/---

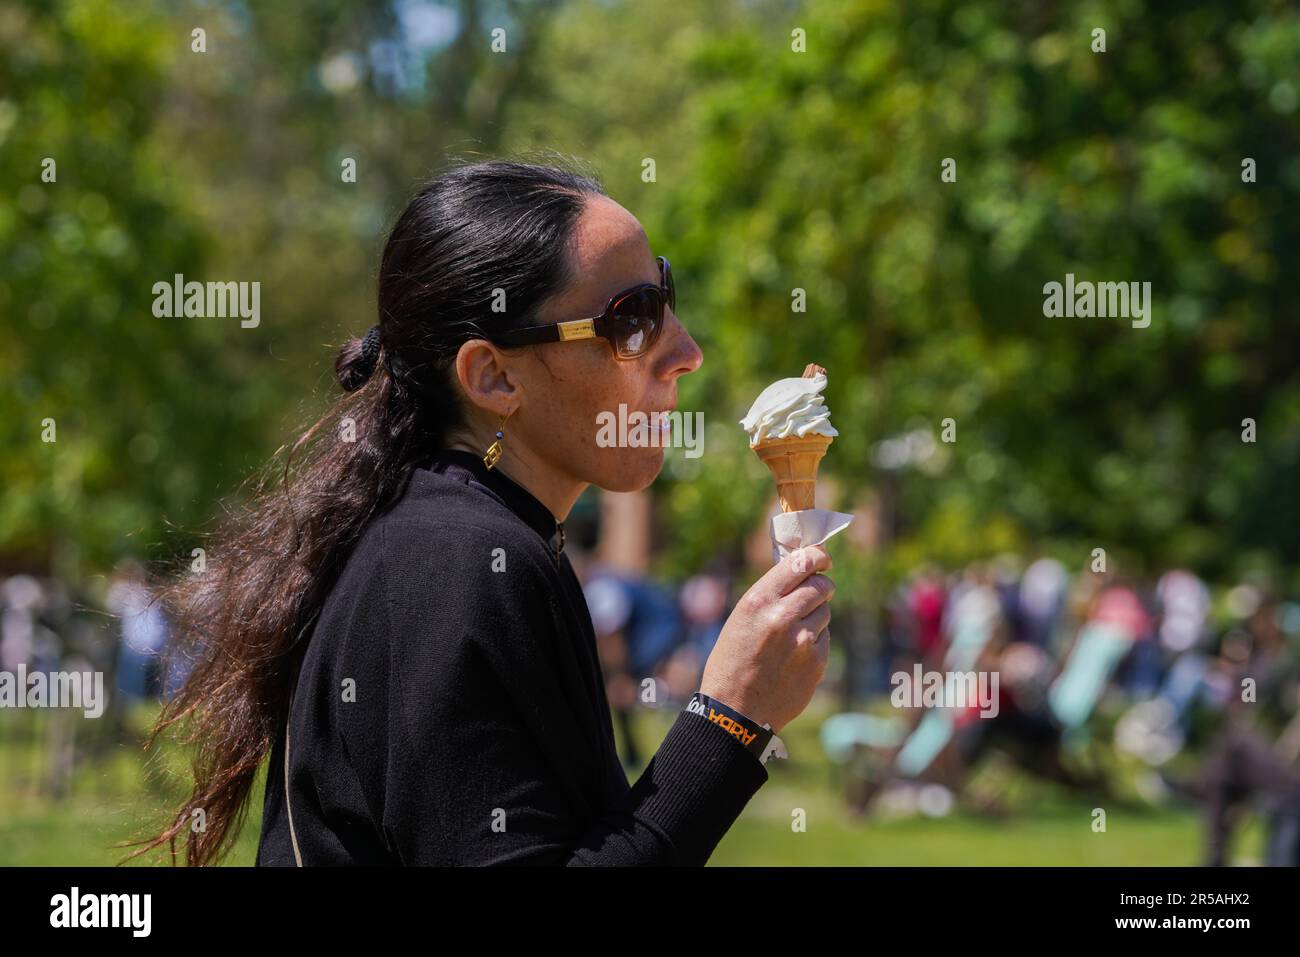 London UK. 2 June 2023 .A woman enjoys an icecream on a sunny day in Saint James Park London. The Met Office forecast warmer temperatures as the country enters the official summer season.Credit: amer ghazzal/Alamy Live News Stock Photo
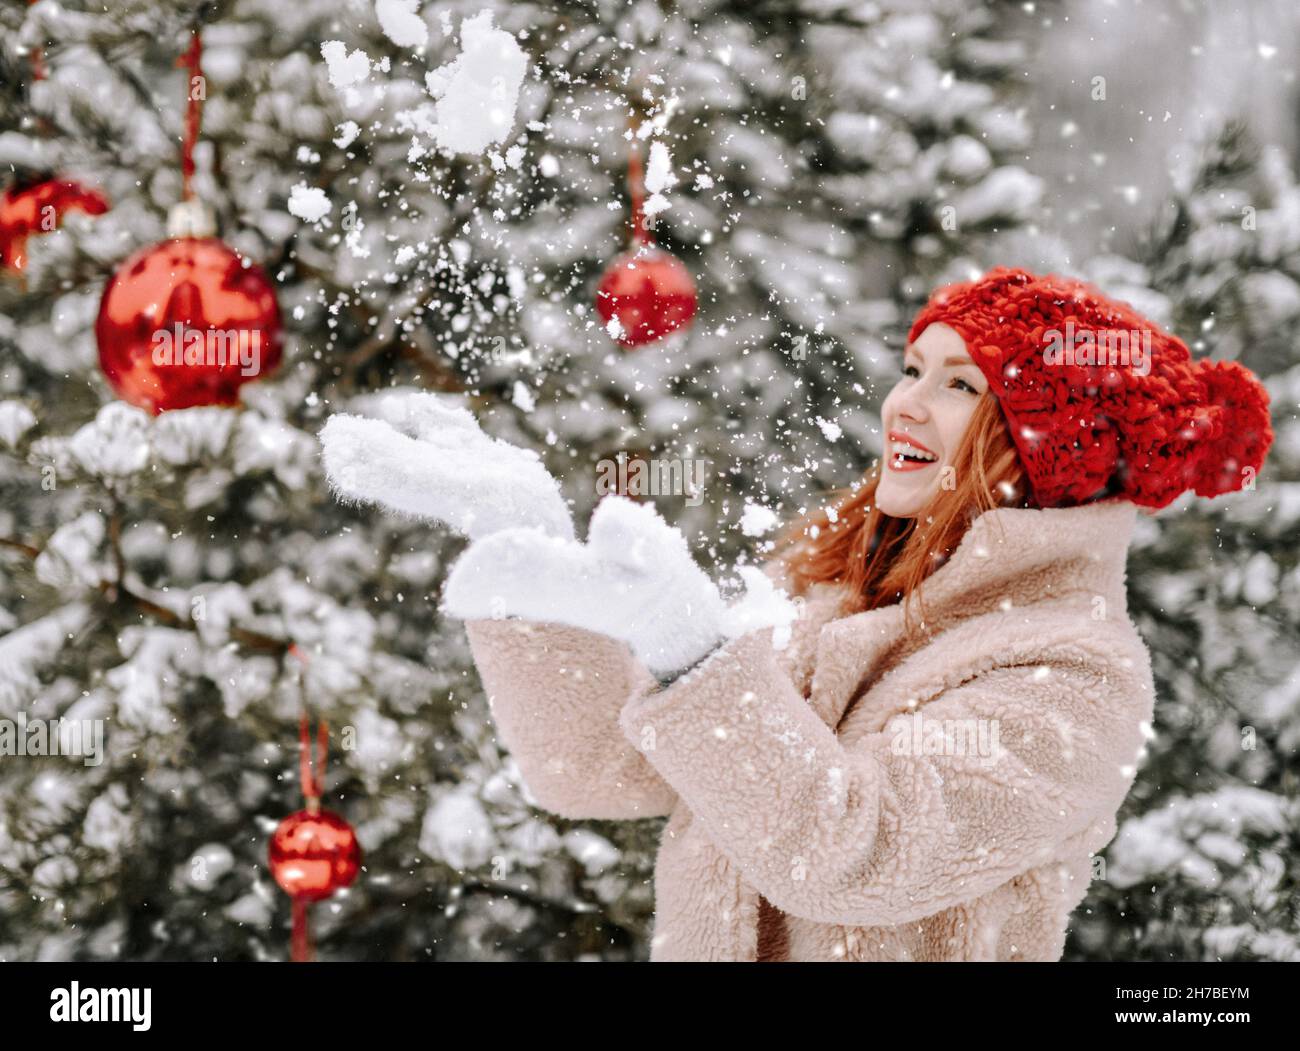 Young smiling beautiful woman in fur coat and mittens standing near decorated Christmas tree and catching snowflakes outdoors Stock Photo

\---
/---

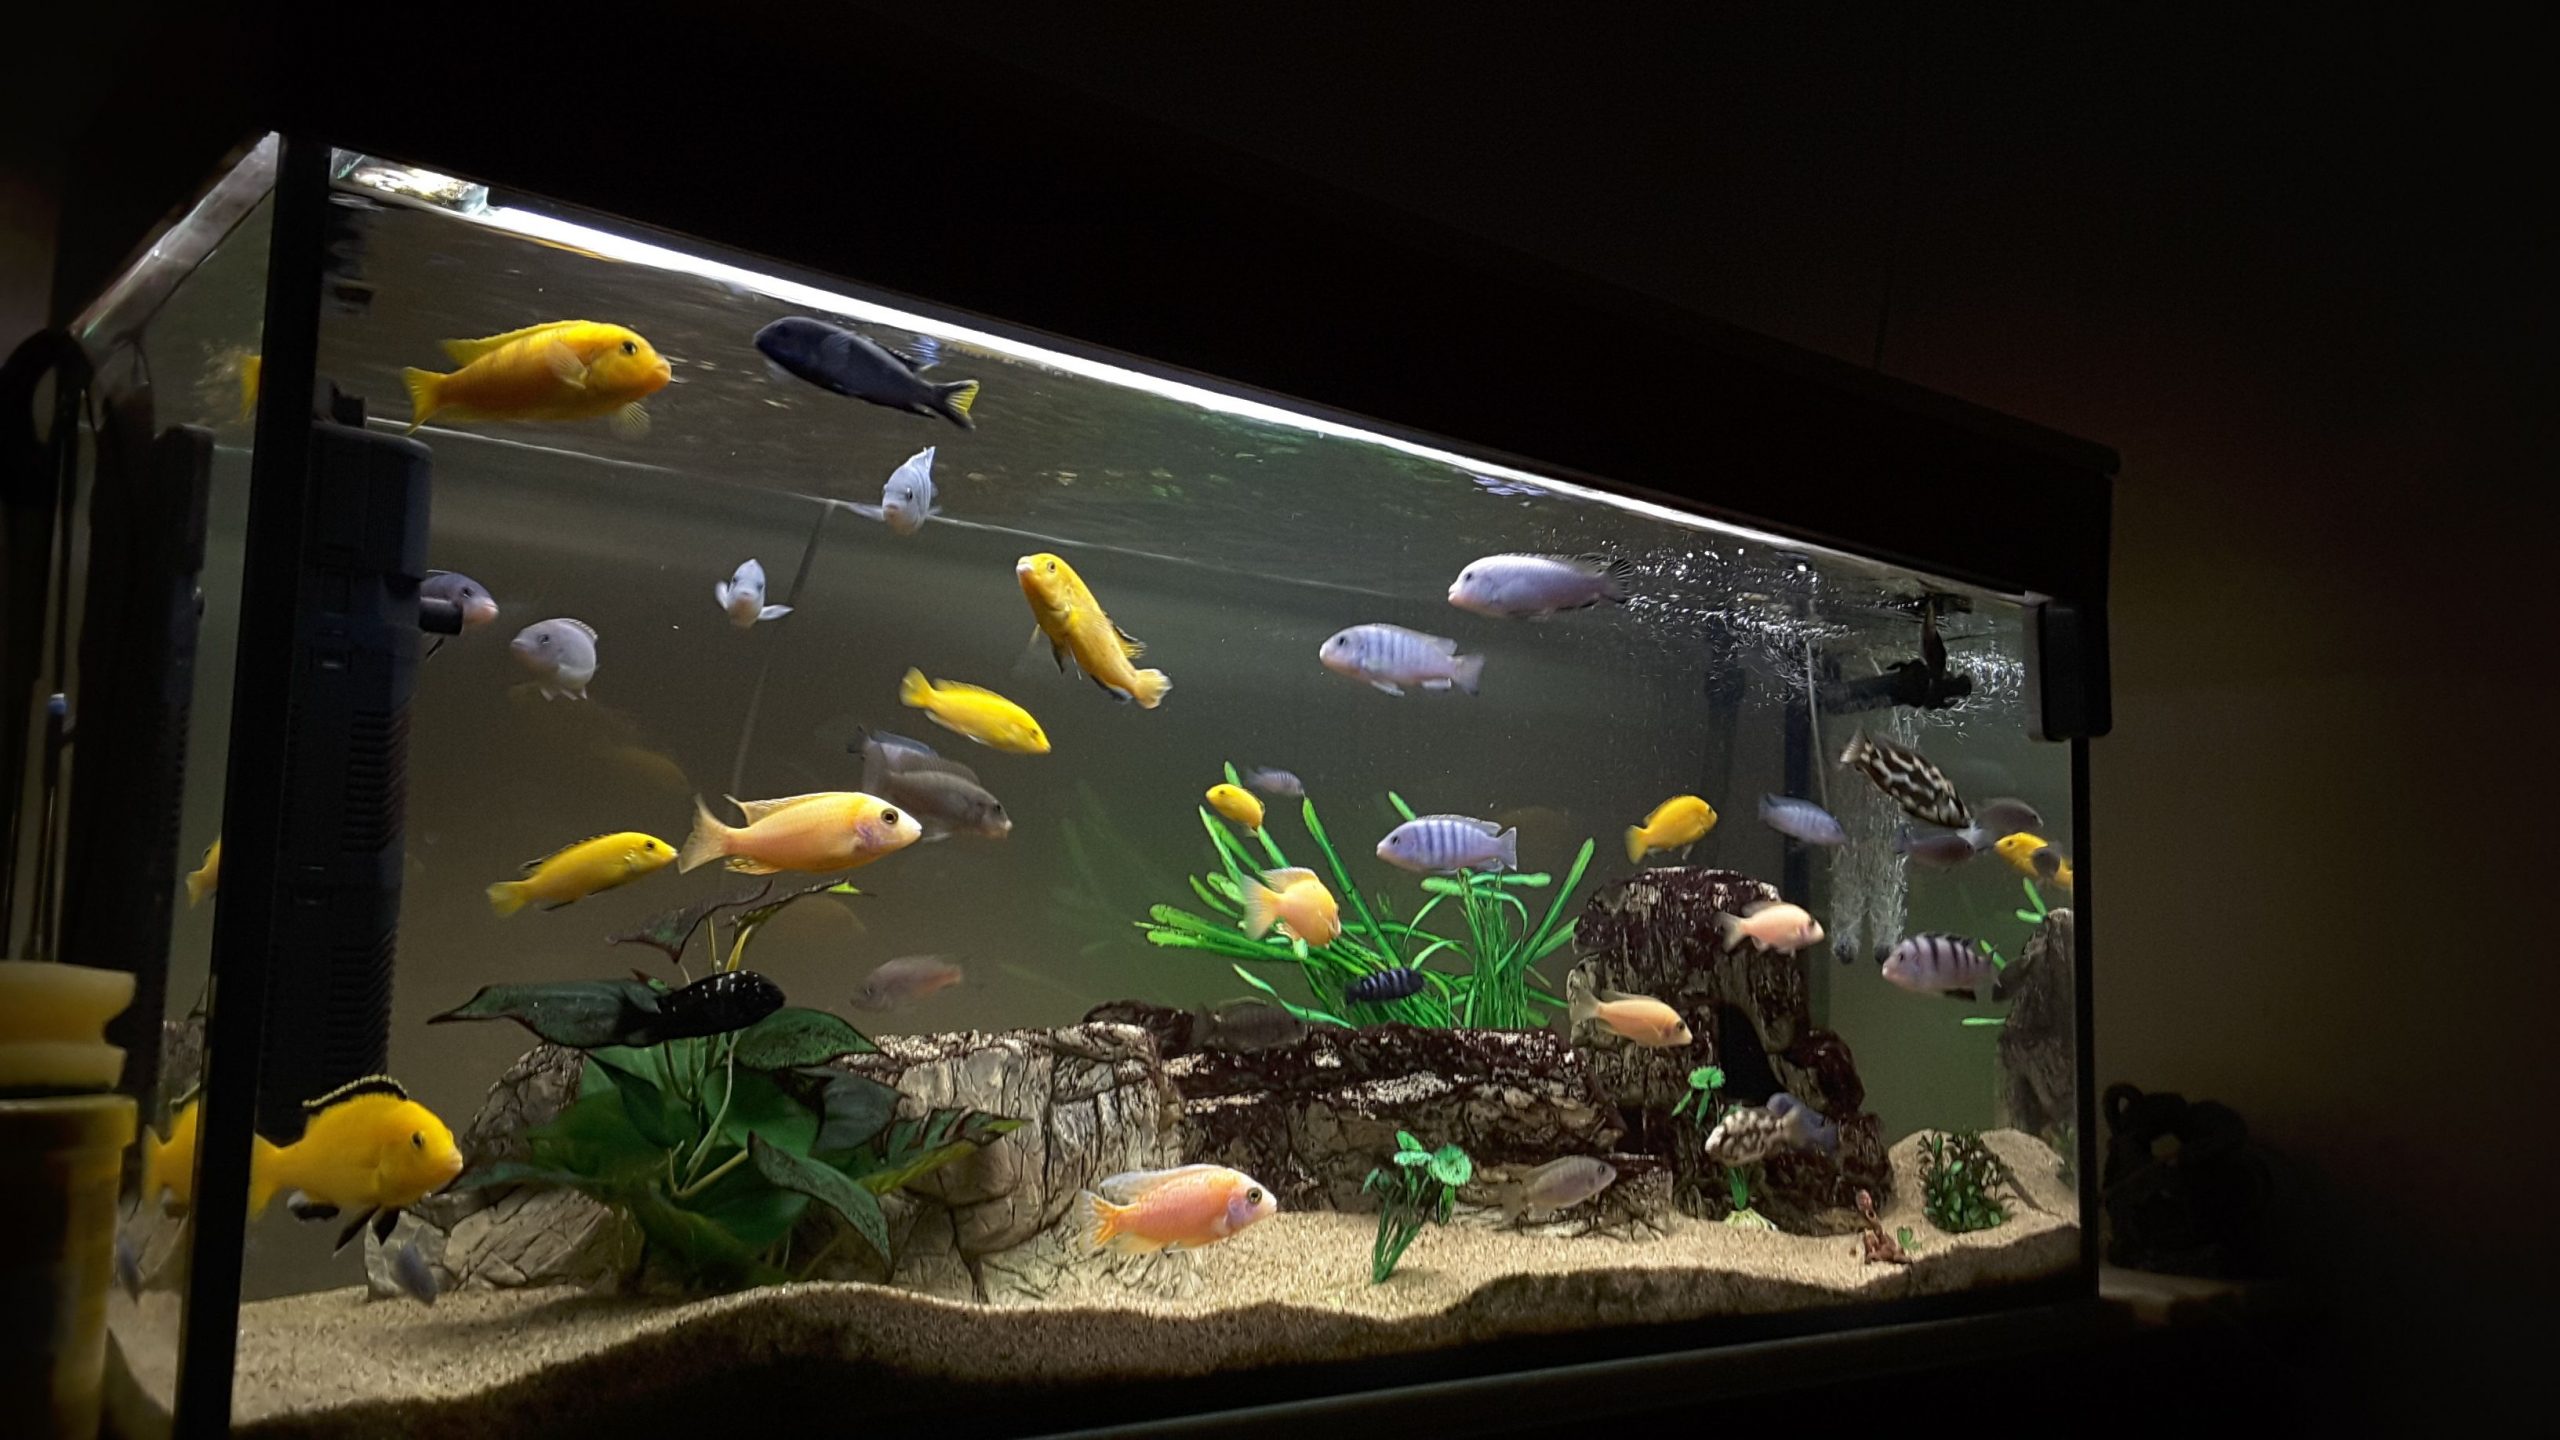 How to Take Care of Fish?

\---
/---

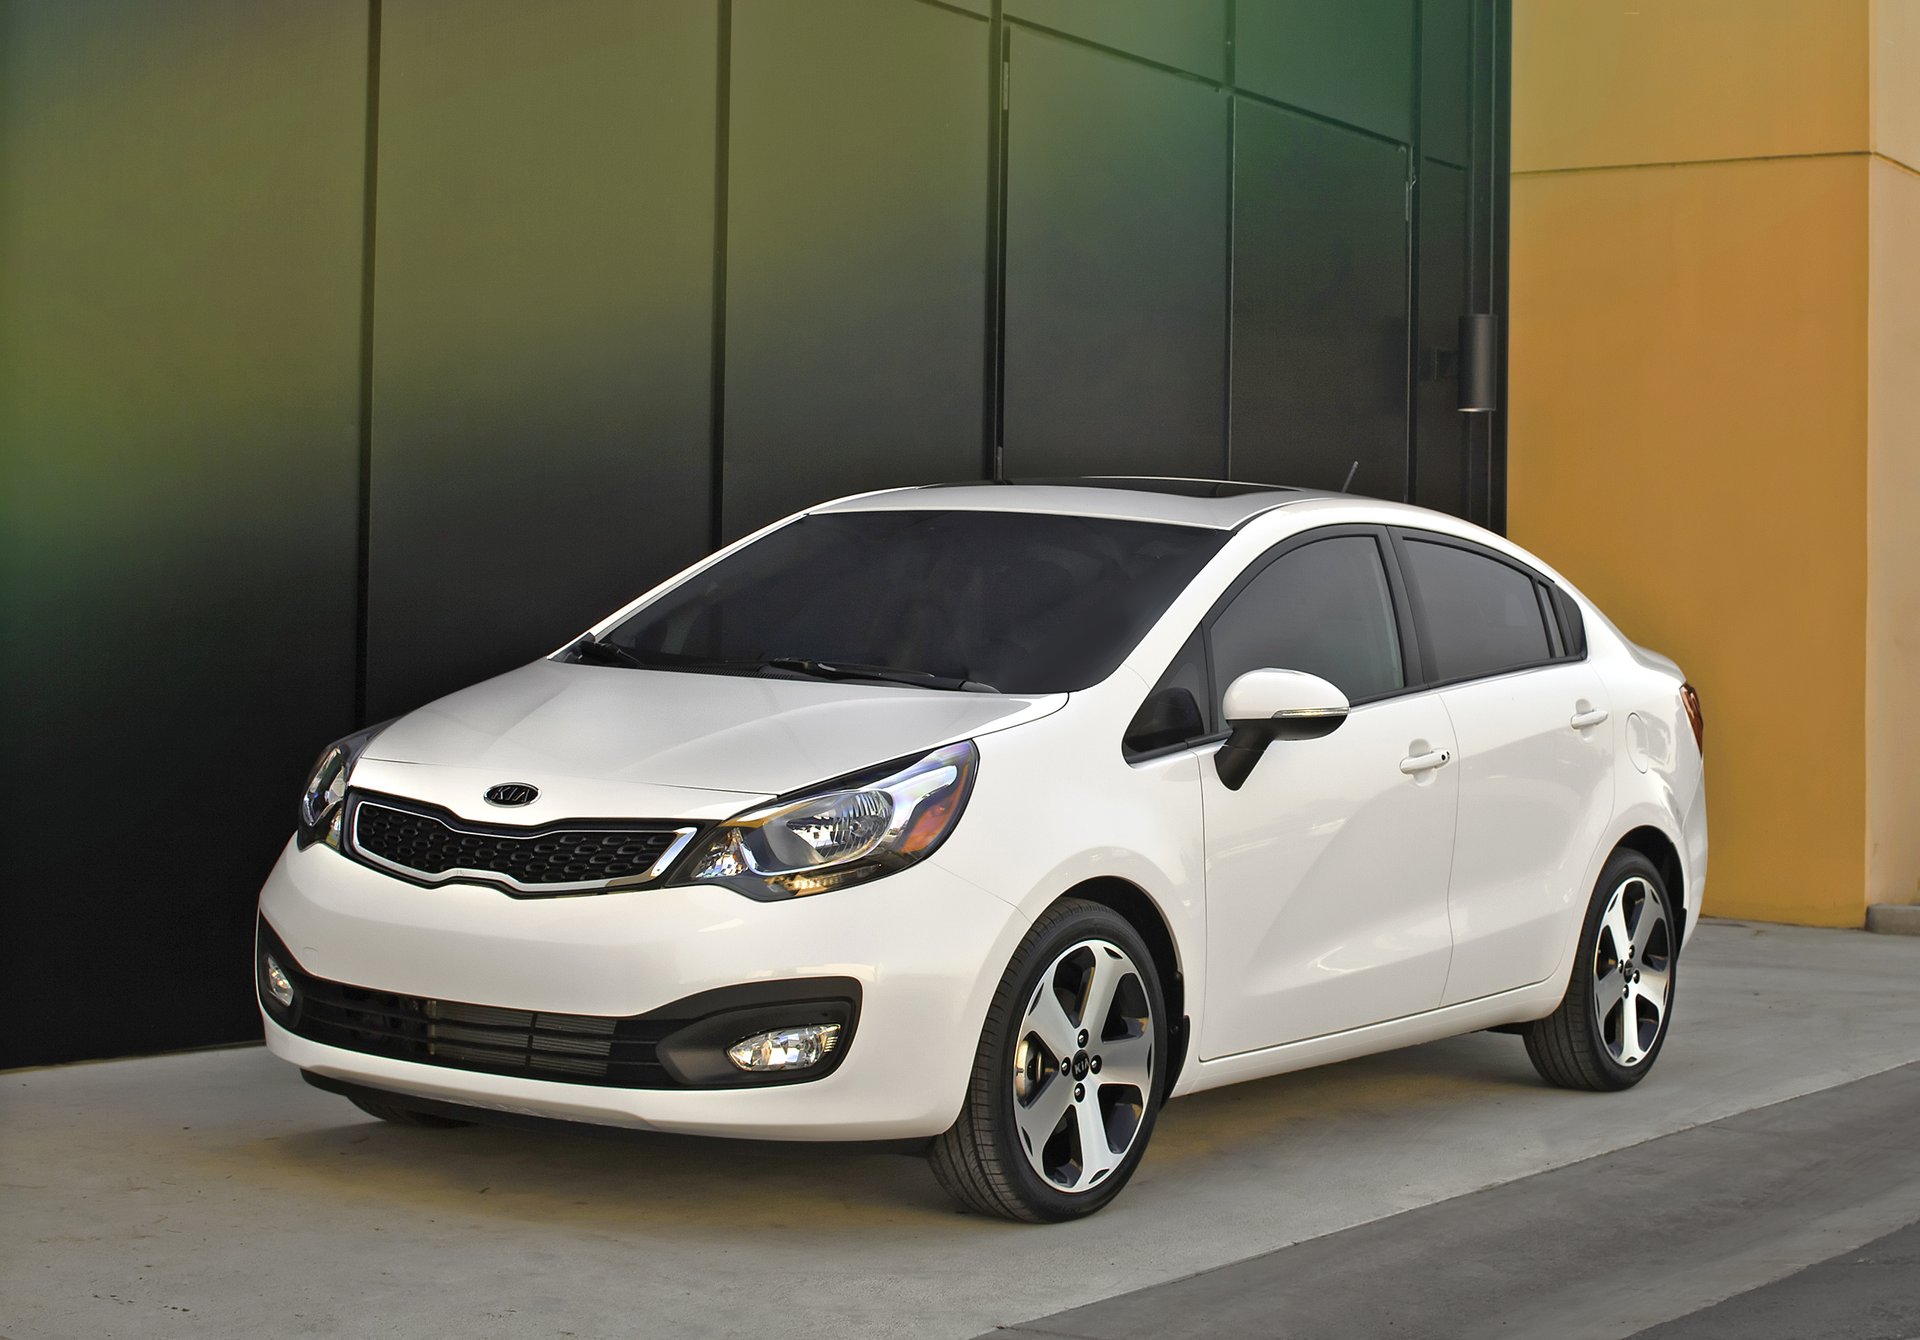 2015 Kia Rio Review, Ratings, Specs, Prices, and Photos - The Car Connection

\---

**Task directions**
Only the lines of the listing above from the one with "London UK. 2" through the one with "Young smiling beautiful" should be output, exactly, with both ends kept and pictures left out.

**Exercise response**
 London UK. 2 June 2023 .A woman enjoys an icecream on a sunny day in Saint James Park London. The Met Office forecast warmer temperatures as the country enters the official summer season.Credit: amer ghazzal/Alamy Live News Stock Photo
 Young smiling beautiful woman in fur coat and mittens standing near decorated Christmas tree and catching snowflakes outdoors Stock Photo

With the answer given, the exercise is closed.